What you need to do ->
When you copy the data that follows, reproduce every word exactly and leave out the images.

════

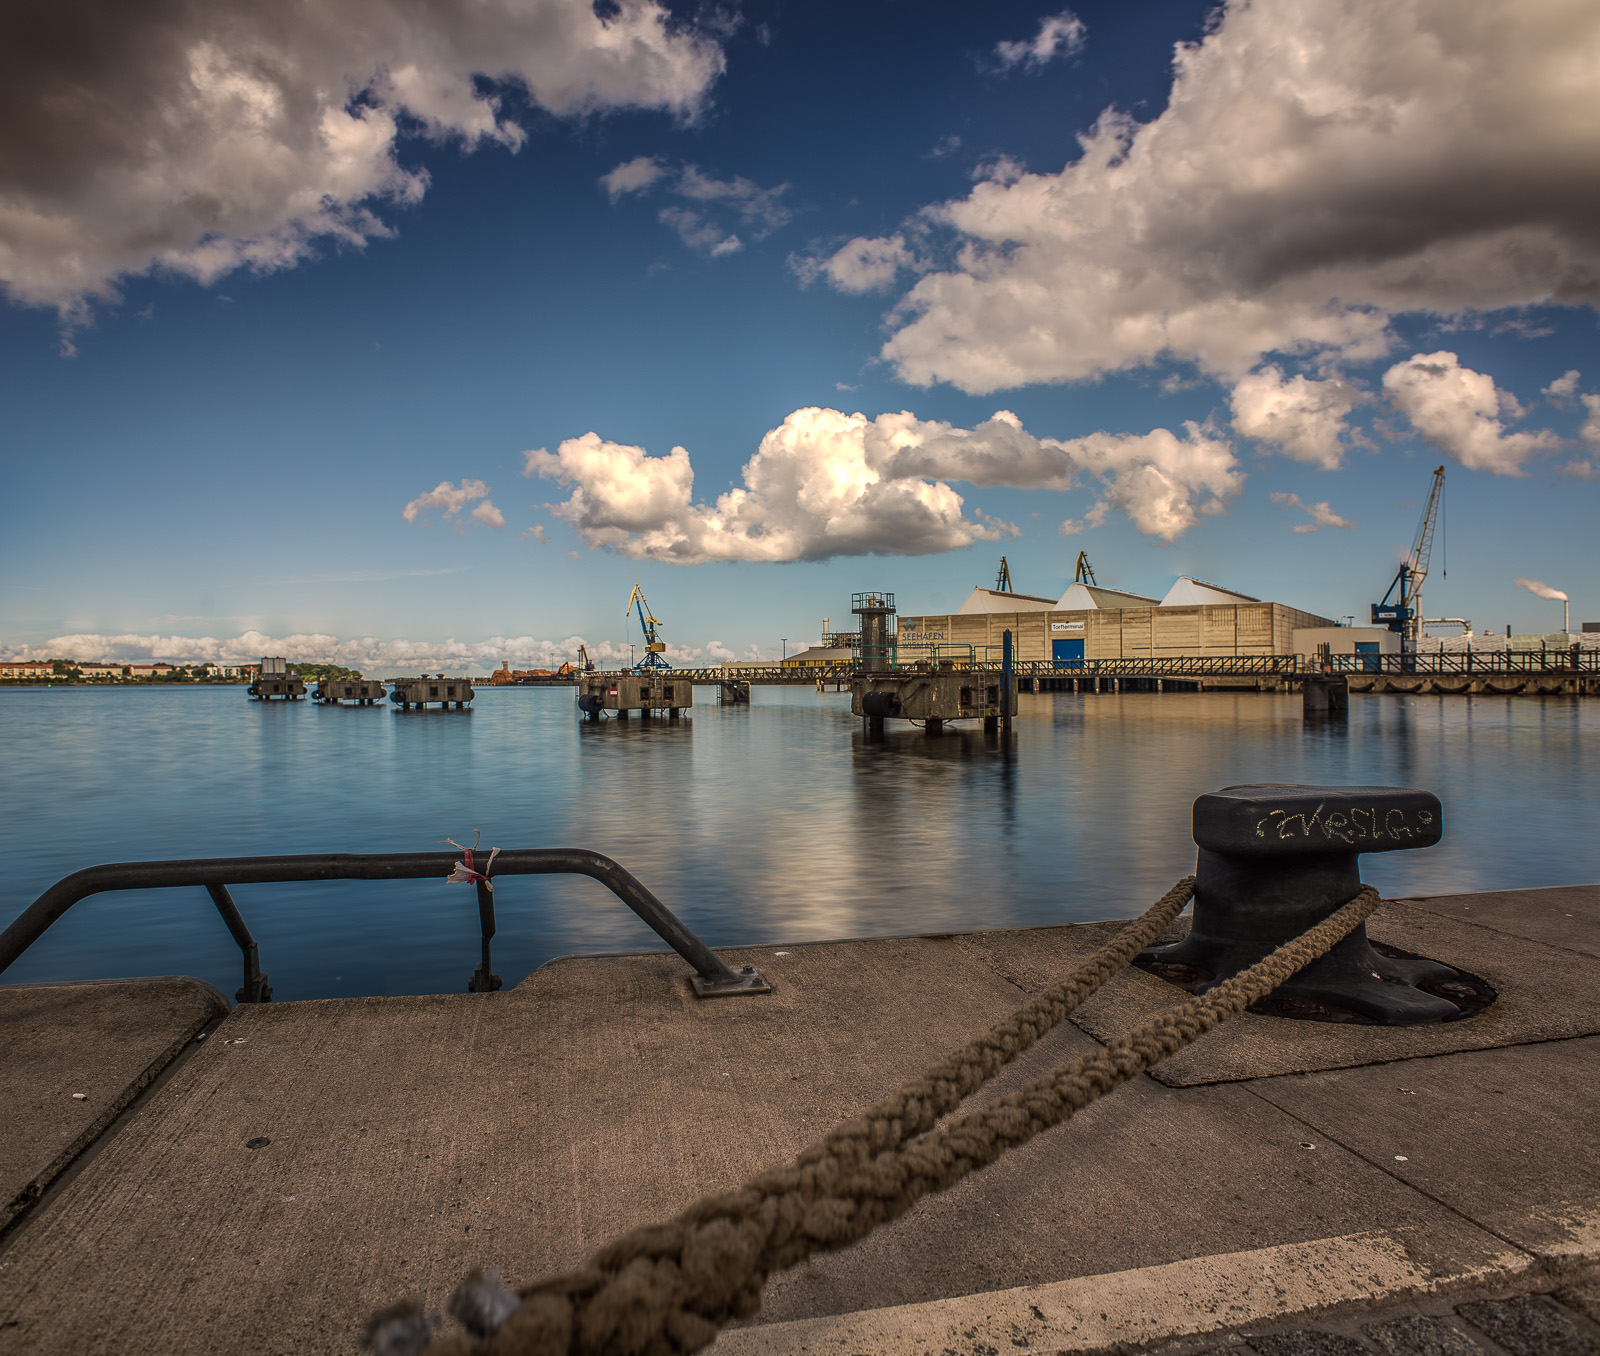 Weitwinkelfoto eines Pollers am Hafenbecken. Im Hintergrund andere Anlagen zum Festmachen von Schiffen und ein Lagerhaus mit Kränen. Darüber viele Wolken.
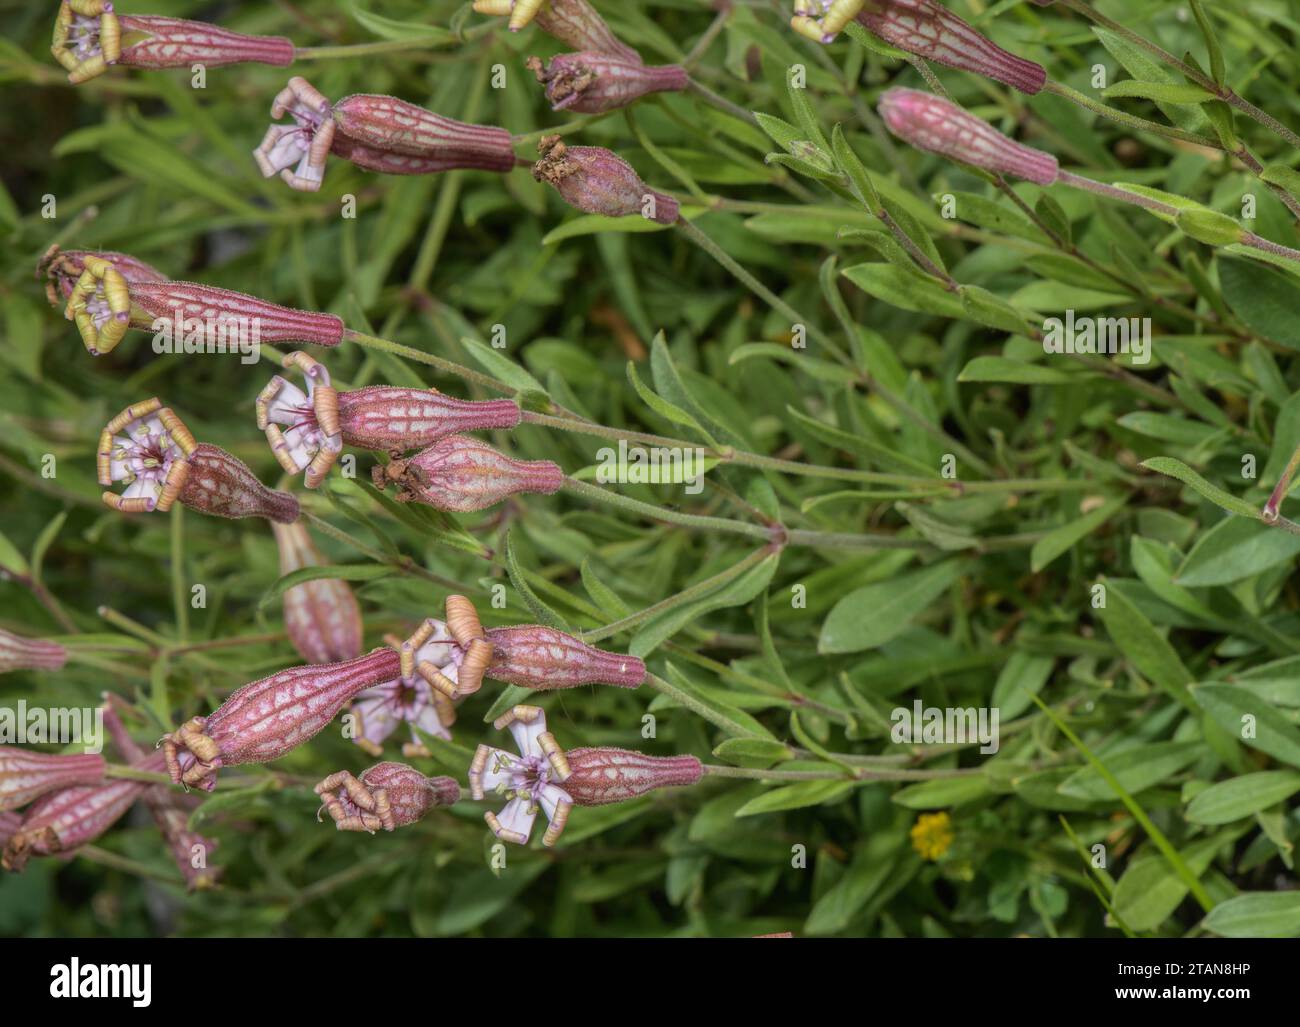 Valais catchfly, Silene vallesia in flower, Swiss Alps. Stock Photo
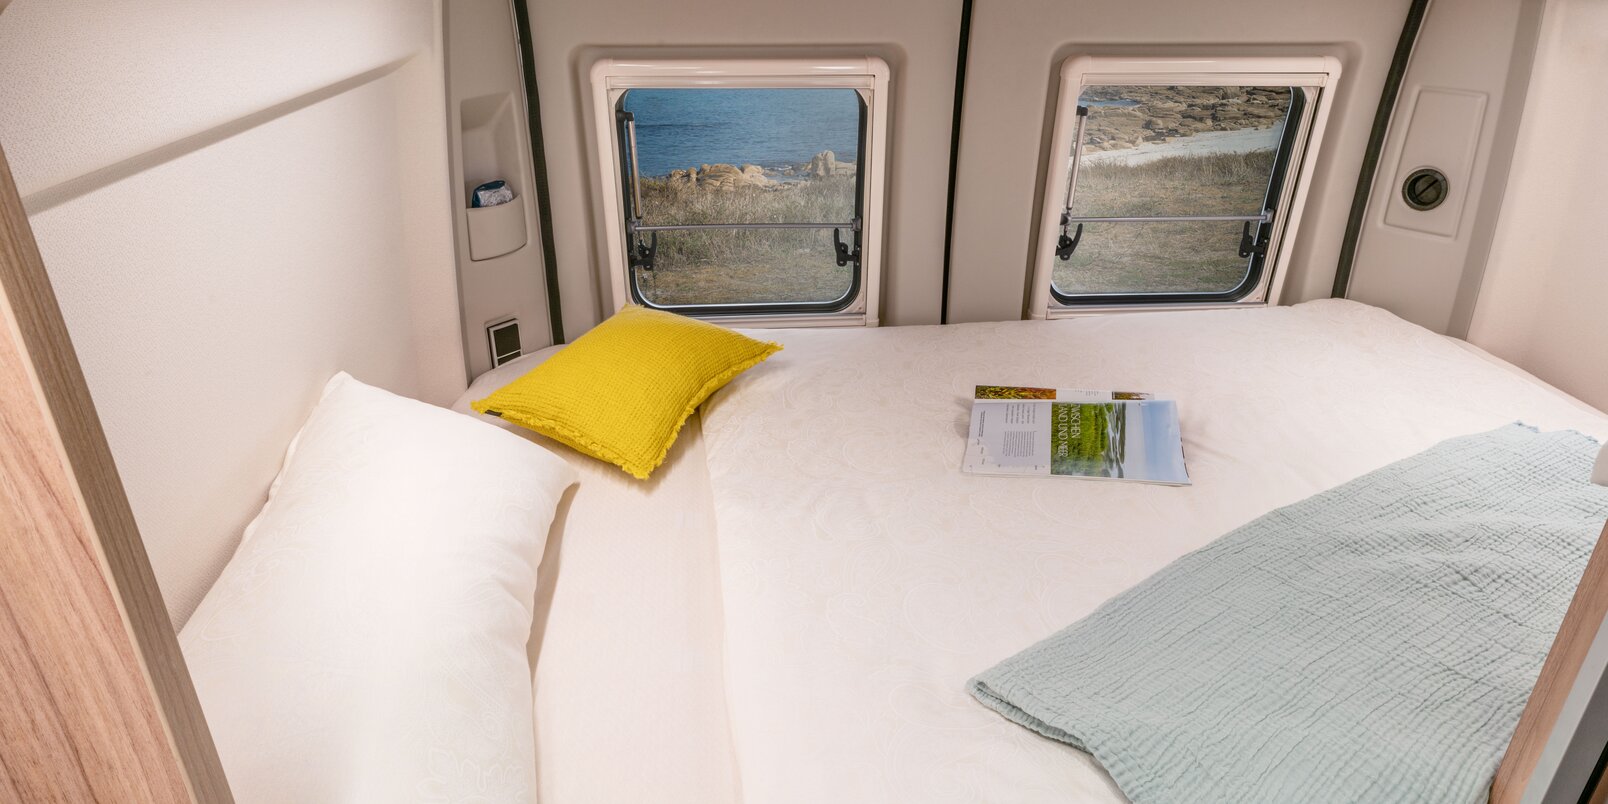 Zona notte nella parte posteriore del Camper Van HYMER: lenzuola bianche, cuscino giallo, coperta, rivista; finestra posteriore 
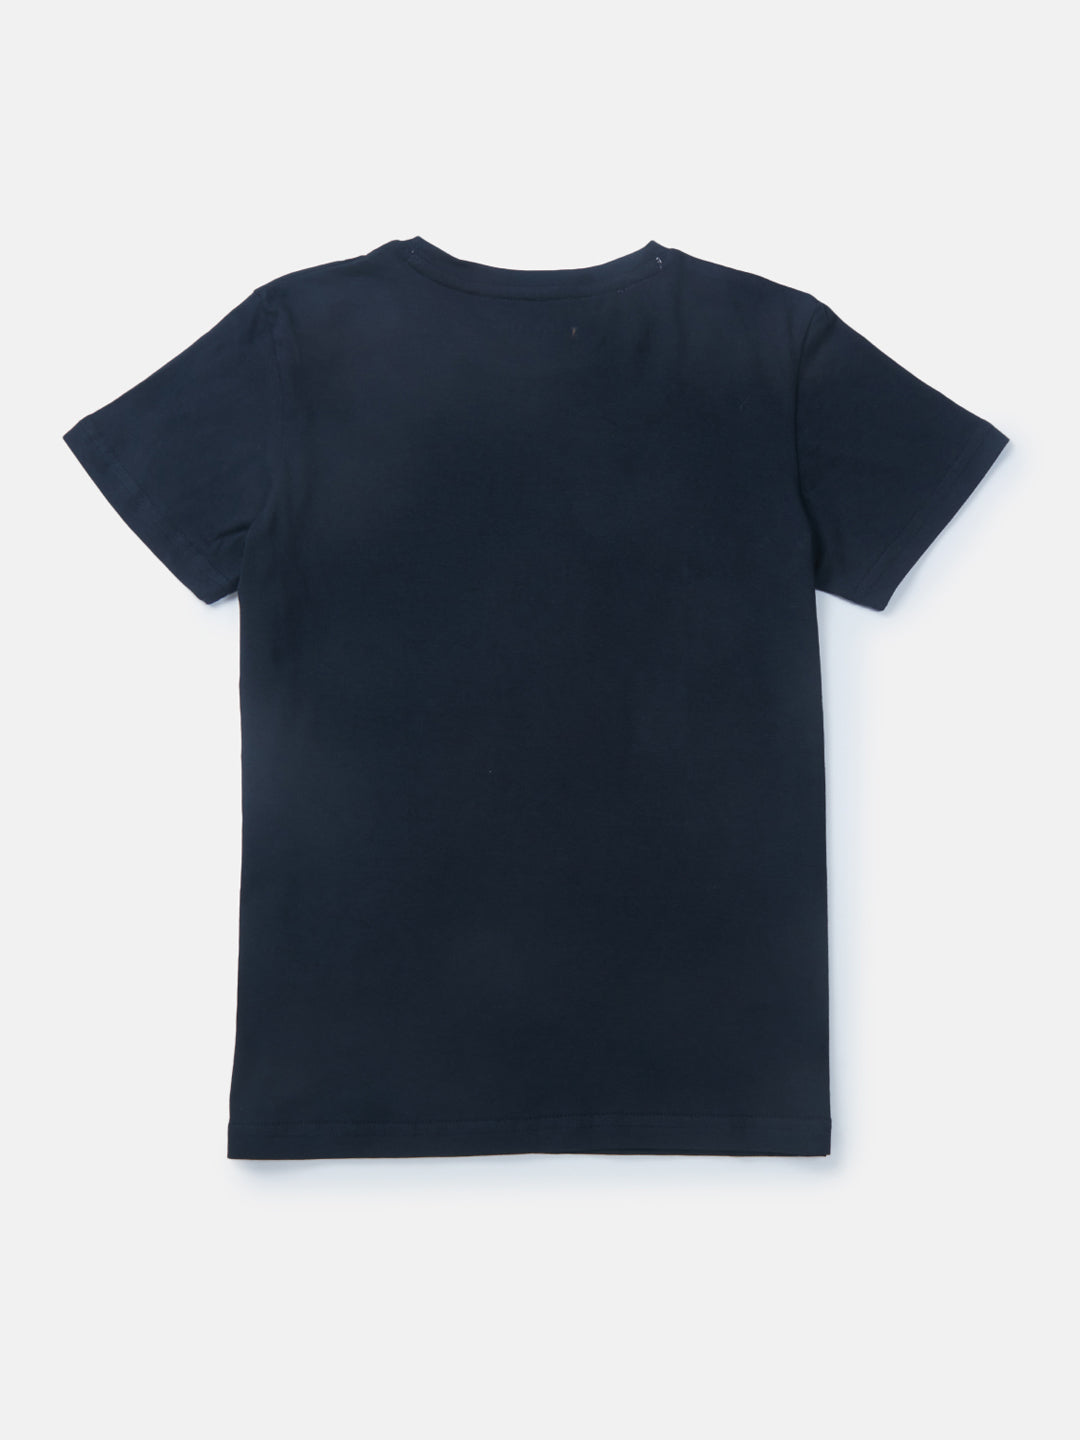 Boys Navy Blue Printed Knits T-Shirt
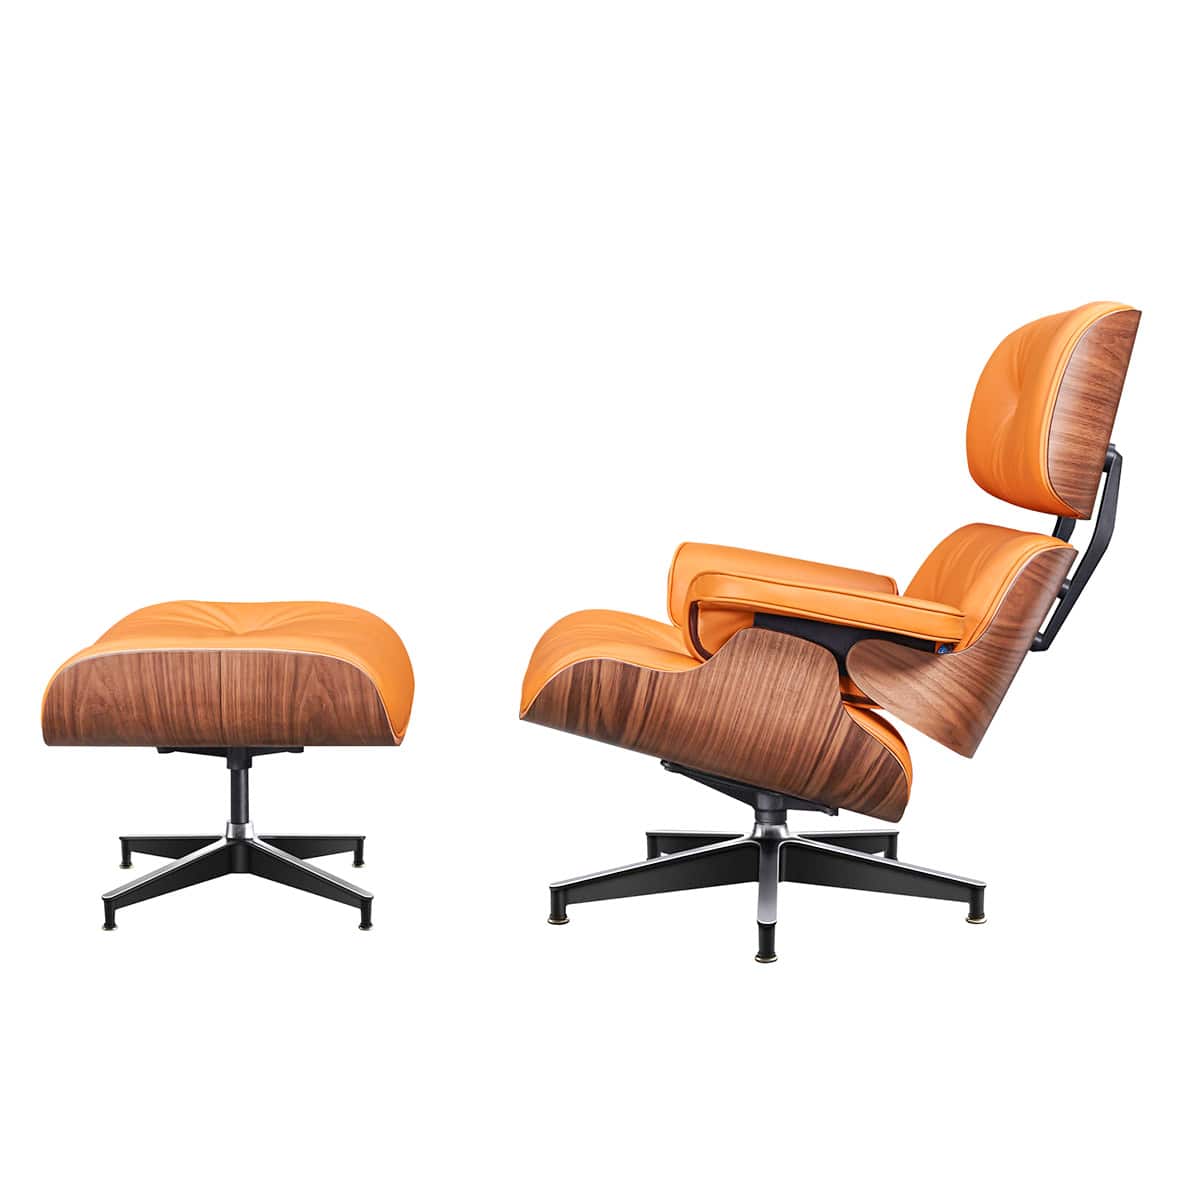 XL eames lounge chair CKTY328

════

Exercise output ->
 Weitwinkelfoto eines Pollers am Hafenbecken. Im Hintergrund andere Anlagen zum Festmachen von Schiffen und ein Lagerhaus mit Kränen. Darüber viele Wolken.
 Valais catchfly, Silene vallesia in flower, Swiss Alps. Stock Photo
 Zona notte nella parte posteriore del Camper Van HYMER: lenzuola bianche, cuscino giallo, coperta, rivista; finestra posteriore 
 Boys Navy Blue Printed Knits T-Shirt
 XL eames lounge chair CKTY328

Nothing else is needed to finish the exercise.